» **Material provided**
========================================================================

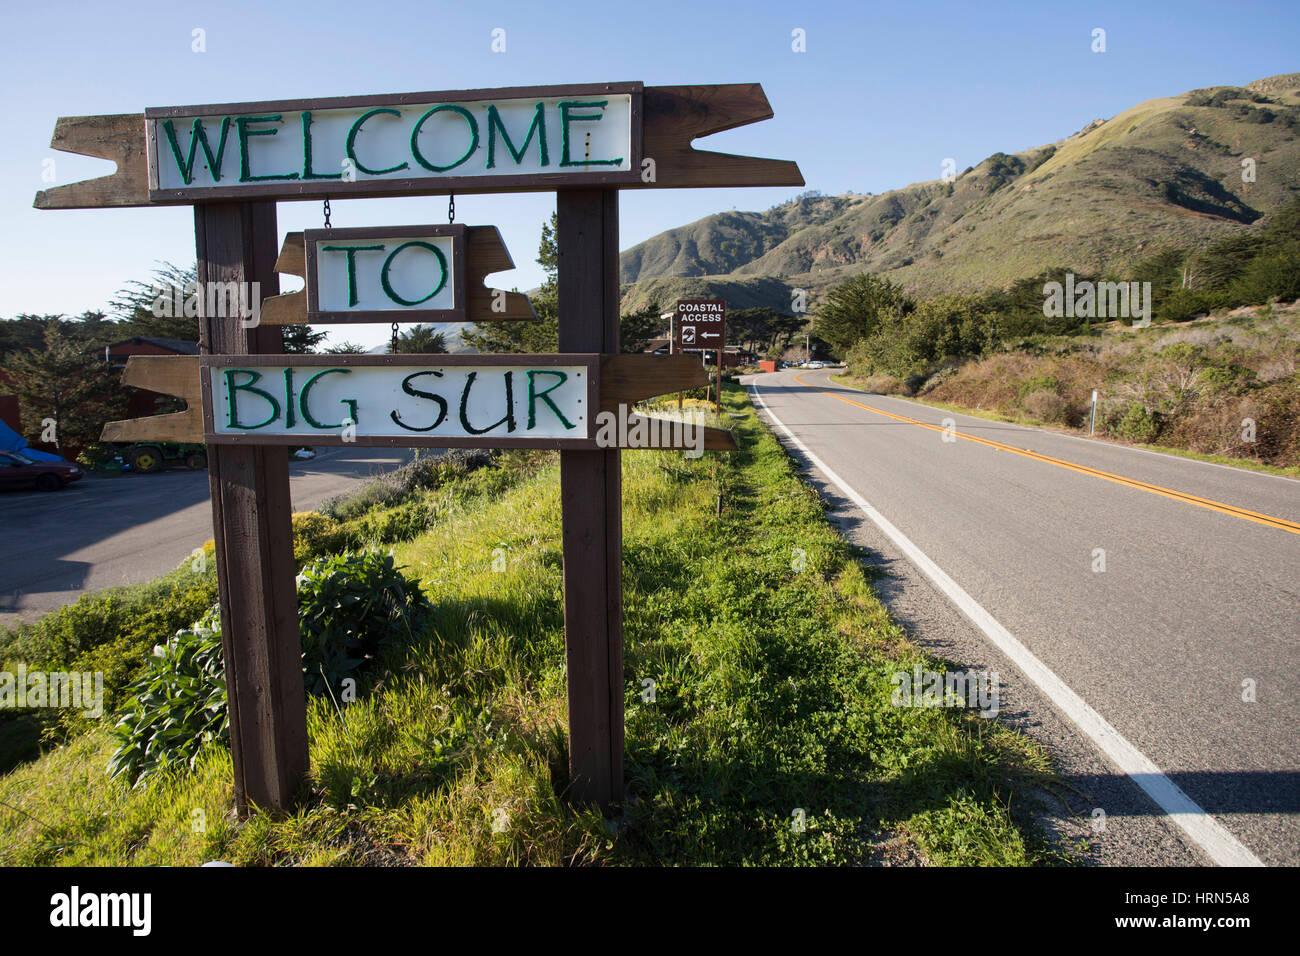 Big Sur, California, USA  2nd Mar, 2017  California Highway 1 is
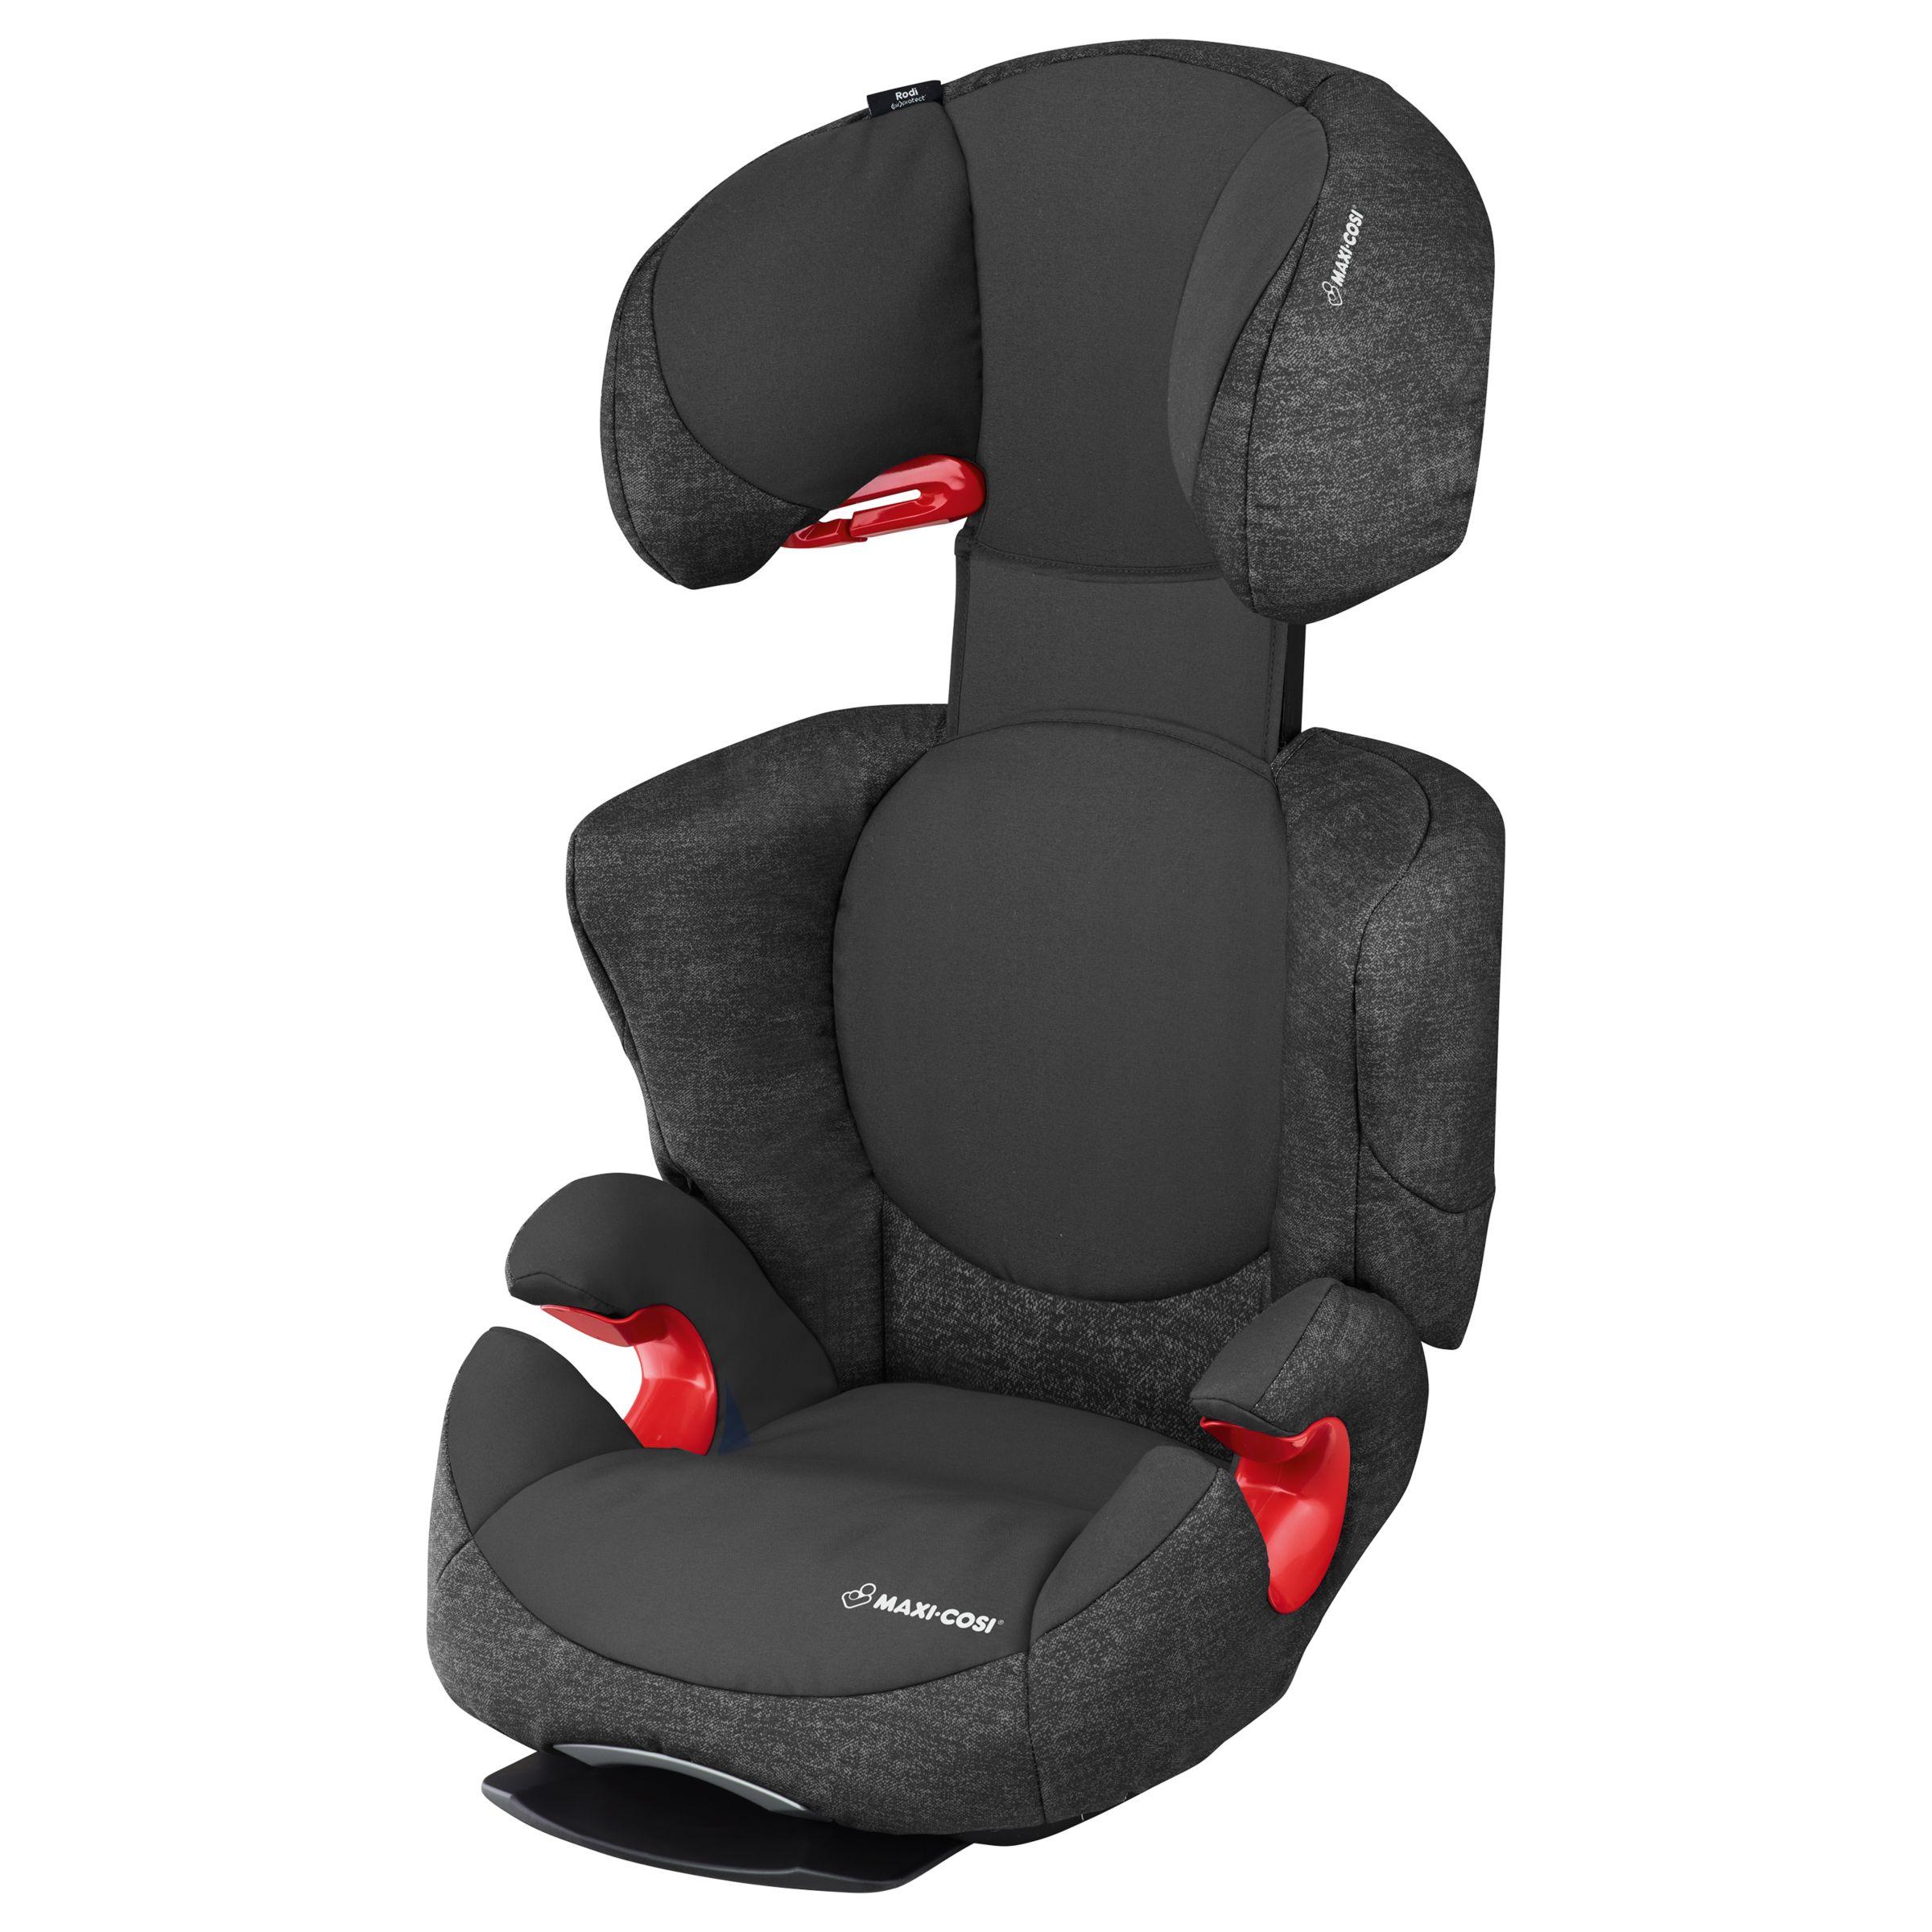 Maxi-Cosi Maxi-Cosi Rodi Air Protect Group 2/3 Car Seat, Nomad Black
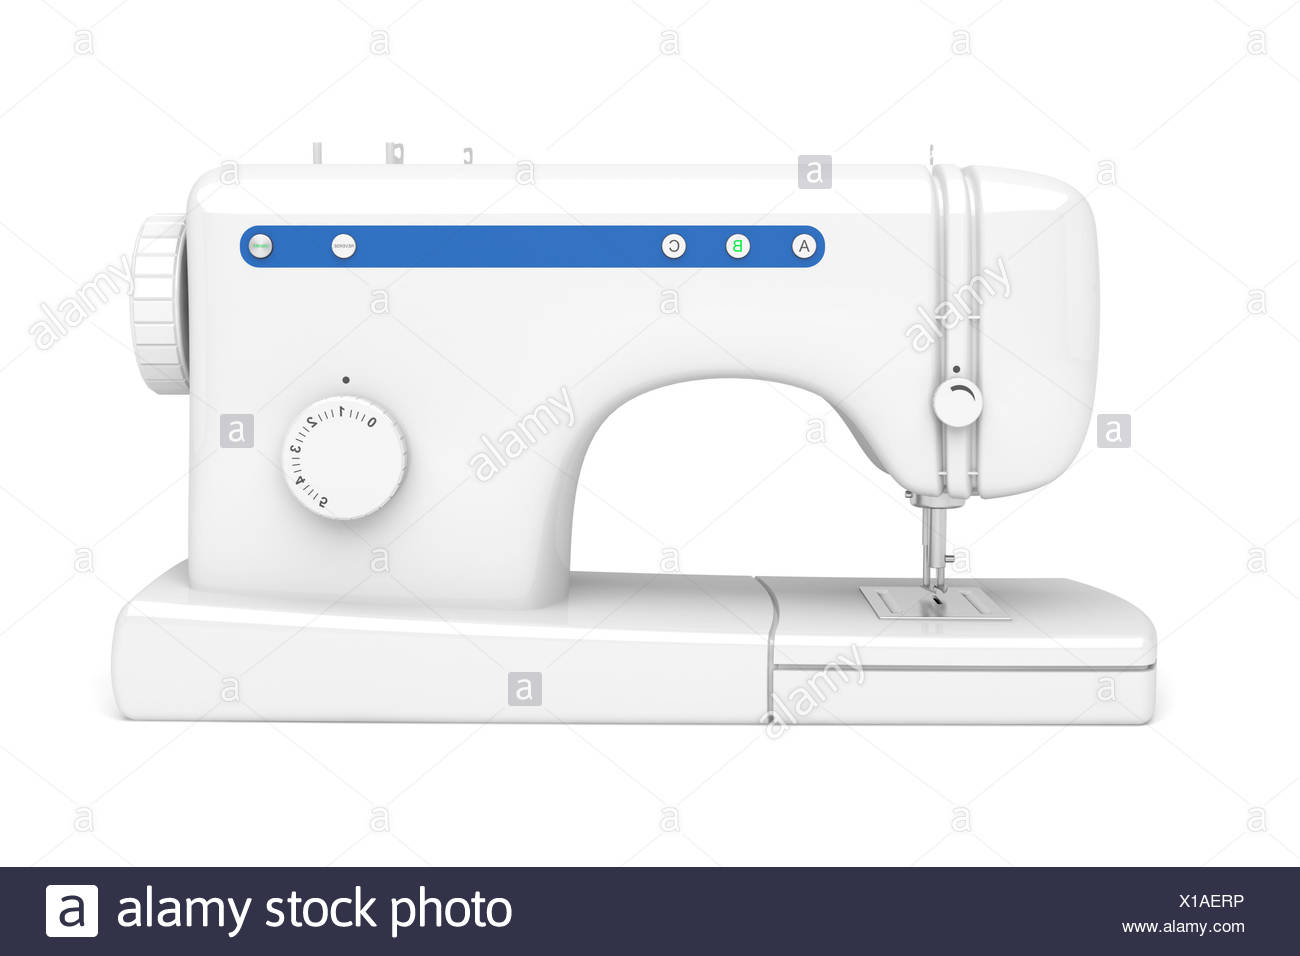 Sewing Machine Illustration Stock Photos & Sewing Machine ...

========================================================================

» **Task to complete**
Could you retype exactly the lines running from the one with "Maxi-Cosi Maxi-Cosi Rodi" to the end of the material above, pictures omitted?

» **Task answer**
 Maxi-Cosi Maxi-Cosi Rodi Air Protect Group 2/3 Car Seat, Nomad Black
 Sewing Machine Illustration Stock Photos & Sewing Machine ...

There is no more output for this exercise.